Question

The height at which the weight of a body becomes $1 / 16^{\text {th }}$, its weight on the surface of earth (radius R), is

• A. 5R
• B. 15R
• C. 3R
• D. 4R

Answer 1

The Correct Option is C

To find the height at which the weight of a body becomes \( \frac{1}{16} \)th of its weight on the Earth's surface, we need to utilize the concept of gravitational force.

The weight of a body at a distance \( r \) from the center of the Earth is given by:

W = \frac{GMm}{r^2}

where:

• W is the weight of the body.
• G is the universal gravitational constant.
• M is the mass of the Earth.
• m is the mass of the body.
• r is the distance from the center of the Earth.

On the Earth's surface, the weight \( W_0 \) is:

W_0 = \frac{GMm}{R^2}

where \( R \) is the radius of the Earth.

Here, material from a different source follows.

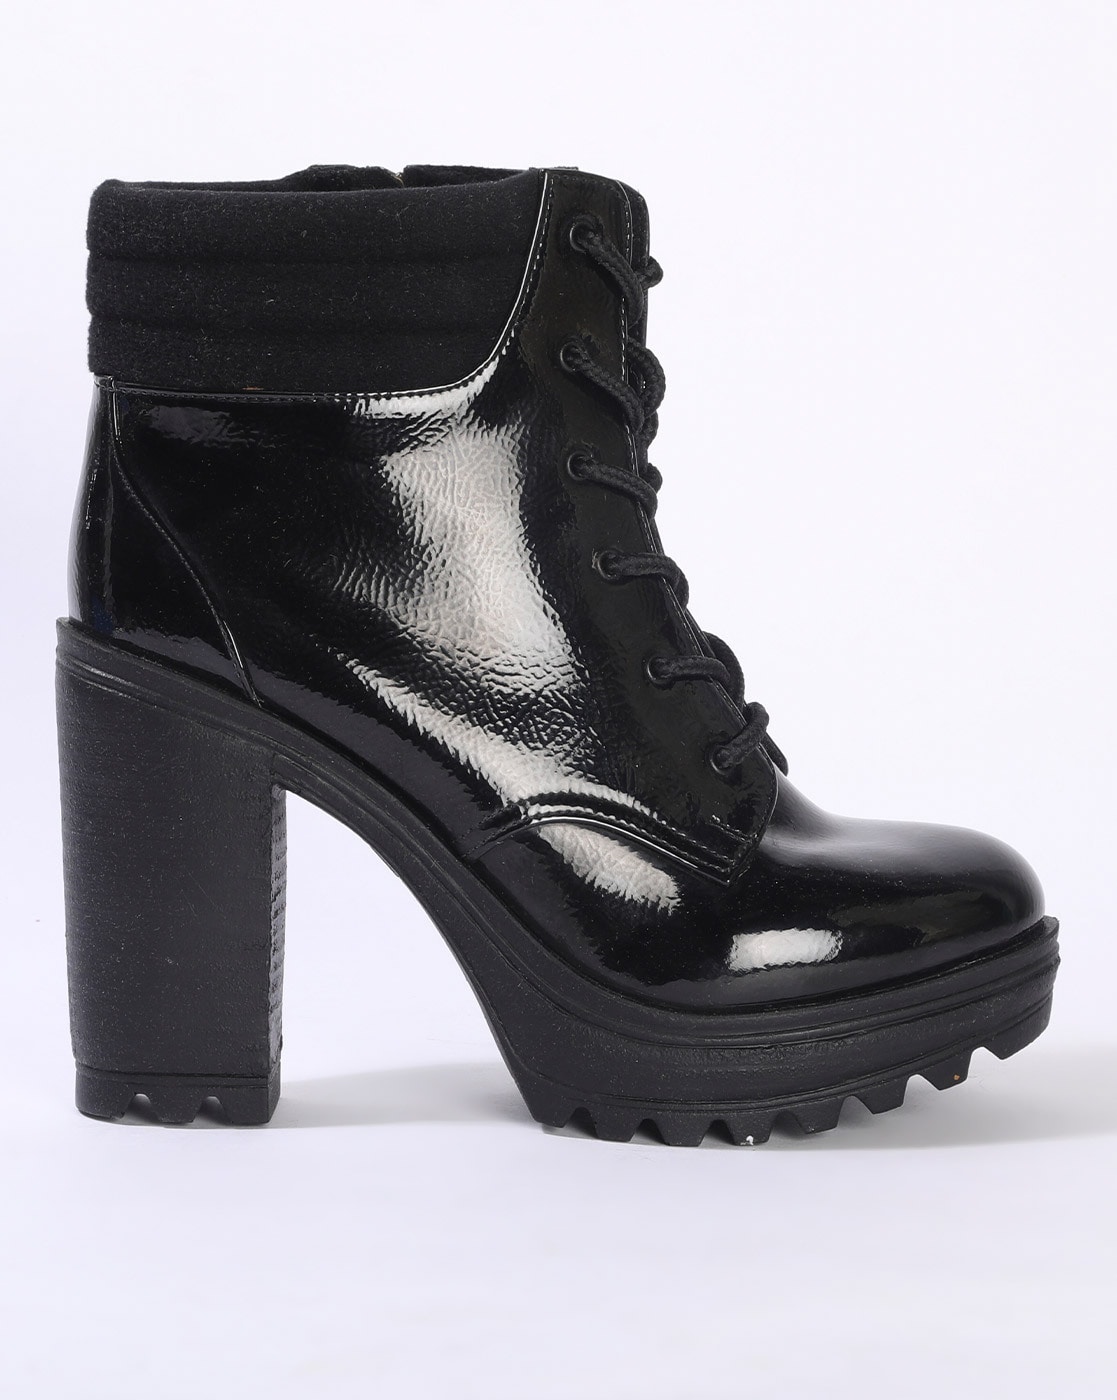 Buy Catwalk Women's Ankle Strap Block Heel Sandals - 9 UK/India (41 EU)  (3628C-9) at Amazon.in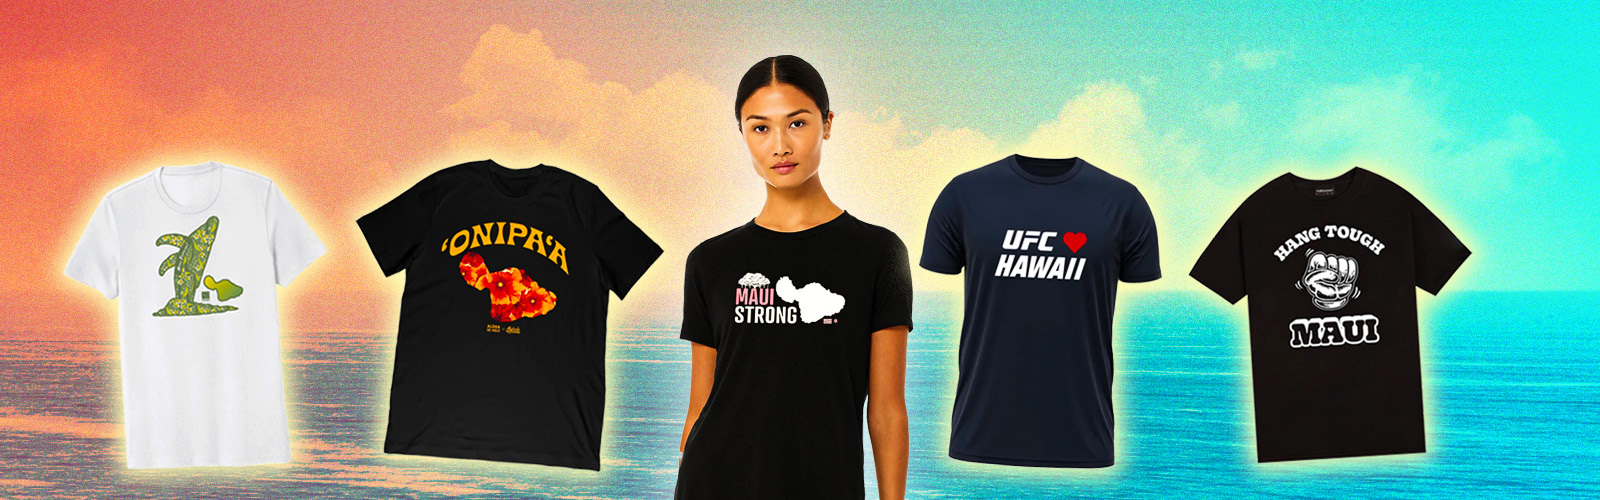 UFC Store Ufc Hawaii Charity Shirt - teejeep

Now, we want the weight to be \( \frac{1}{16} \) of \( W_0 \) at a height \( h \):

\frac{GMm}{(R + h)^2} = \frac{1}{16} \times \frac{GMm}{R^2}

Canceling out the common terms \( \frac{GMm}{R^2} \), we get:

\frac{1}{(1 + \frac{h}{R})^2} = \frac{1}{16}

This simplifies to:

(1 + \frac{h}{R})^2 = 16

Taking the square root on both sides:

1 + \frac{h}{R} = 4

Therefore,

\frac{h}{R} = 4 - 1 = 3

Hence, \( h = 3R \).

The correct answer is 3R.